Featuring compositions of text, ASCII art, photography, processed memes, found symbols, and digital drawings, this interactive visual poem requires the user to navigate via trial and error, looping back before uncovering new pathways. Clashes of meaning and aesthetic dramatize the flattening effects of network culture, the impossibility of establishing a shared frame of reference, and the longing to connect.

 

Jakob Sitter, WestHollywood, 2021

"WestHollywood is a tribute to the early internet and its infrastructure, which helped give rise to new forms of community.

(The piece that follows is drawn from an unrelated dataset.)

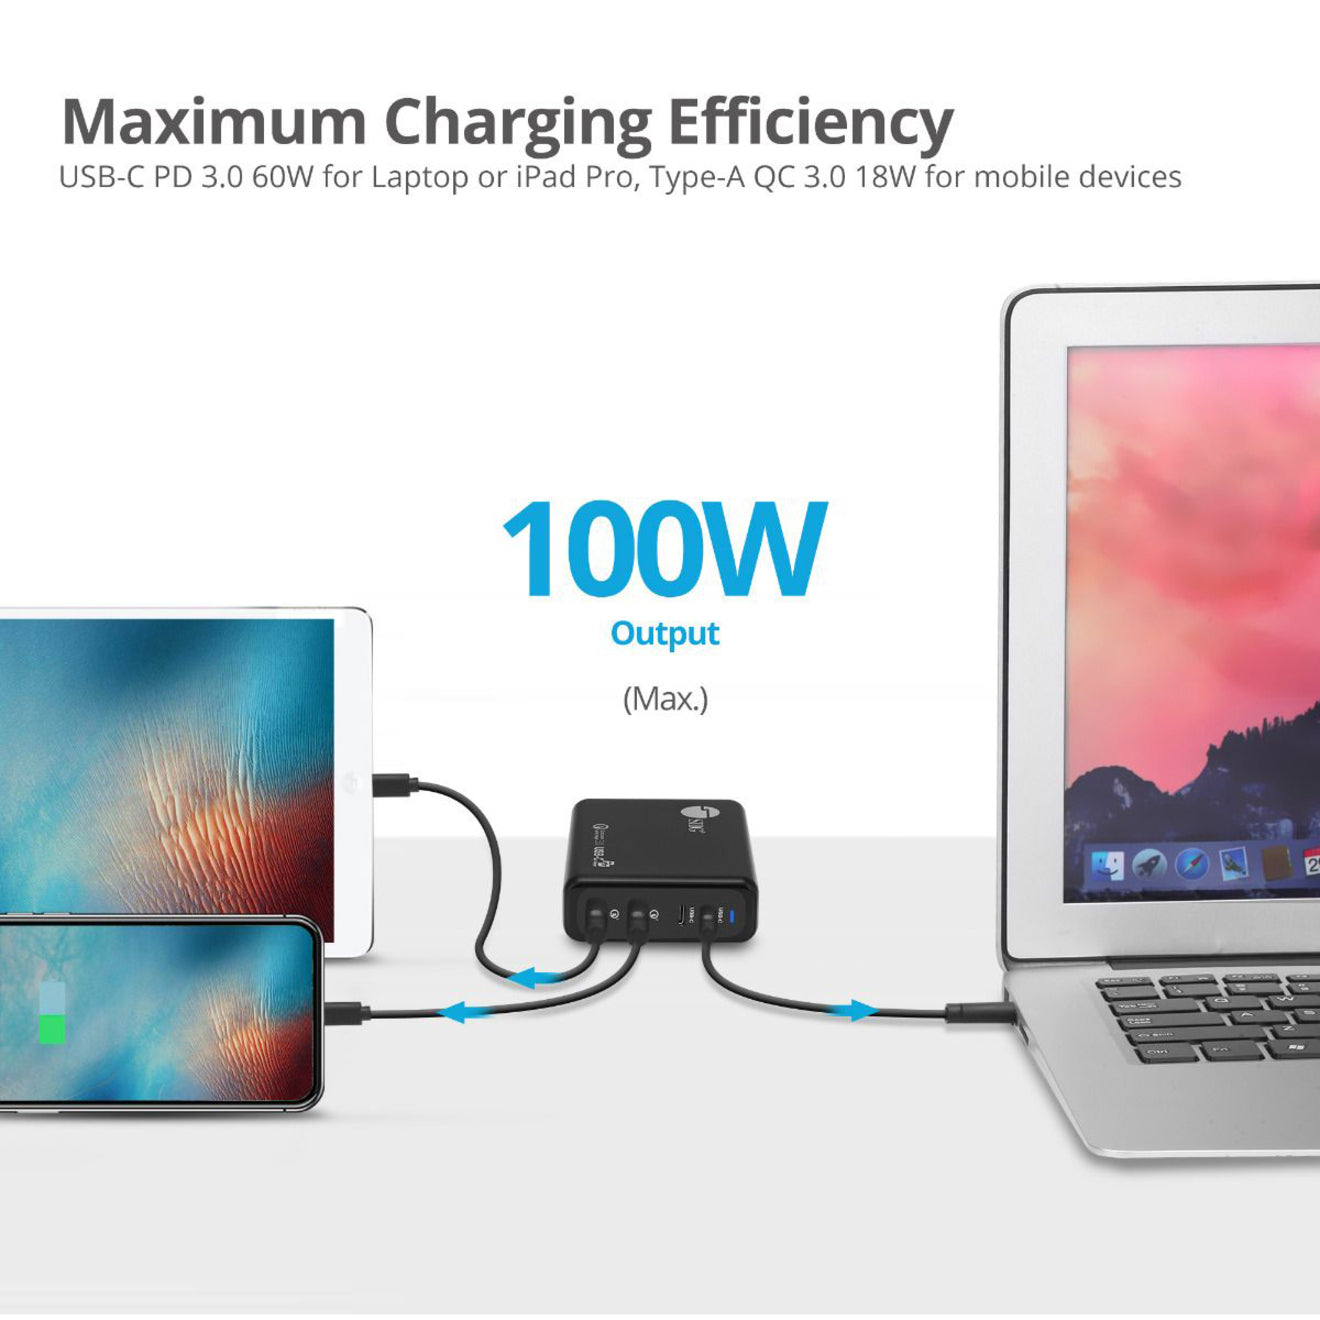 SIIG AC-PW1N11-S1 100W Dual USB-C PD Charger with QC 3.0 Combo Power Charger, Fast Charging for USB Type C Devices

The work is based on some 9000 archived pages from the GeoCities neighborhood with the same name, the queer quarter of the widely popular web hosting service. All text in WestHollywood is generated through a language model trained on these pages, recreating the sense of honesty and liberty these (safe) spaces provided in the early www heydays.

WestHollywood was originally commissioned by Ergi, a Scandinavian queer art platform."

 

Asha Tamirisa, SURFACE / BELLY, 2022

"SURFACE / BELLY is a web-based multimedia hyperlink poem. Reflexively composed text brings the reader between the surface and depths of the narrative, poetically exploring interiors and exteriors."

 

Daniel Temkin, FatFinger.JS, 2017

"FatFinger is a JavaScript (JS) library expanding the programming language to allow typos and misspellings as valid code. While human readers have a high tolerance for elision (for the swapping of letters or missing symbols), programming languages have no tolerance for this type of error. FatFinger encourages a looser way of thinking, pushing back against the compulsiveness of code."

 

 Jonathan Thirkield, elegies in graphene, 2019—2021

"elegies in graphene is a sequence of 26 poems, each containing 13 lines of 17 characters each. The poems are displayed in a lattice pattern, with each letter set off using linguistic notation for graphemes. The reader must navigate the letters with the mouse to reveal words and lines and to construct/deconstruct/discover the meaning of the poems via interaction."

 

Peter Wildman, Movement is Life, 2018

Movement is Life is one work from Wildman’s series of code poems, which consist of short animations generated by computer code that are composed with a literary value in mind. The artist reads a poetic interpretation of each program alongside its visual output.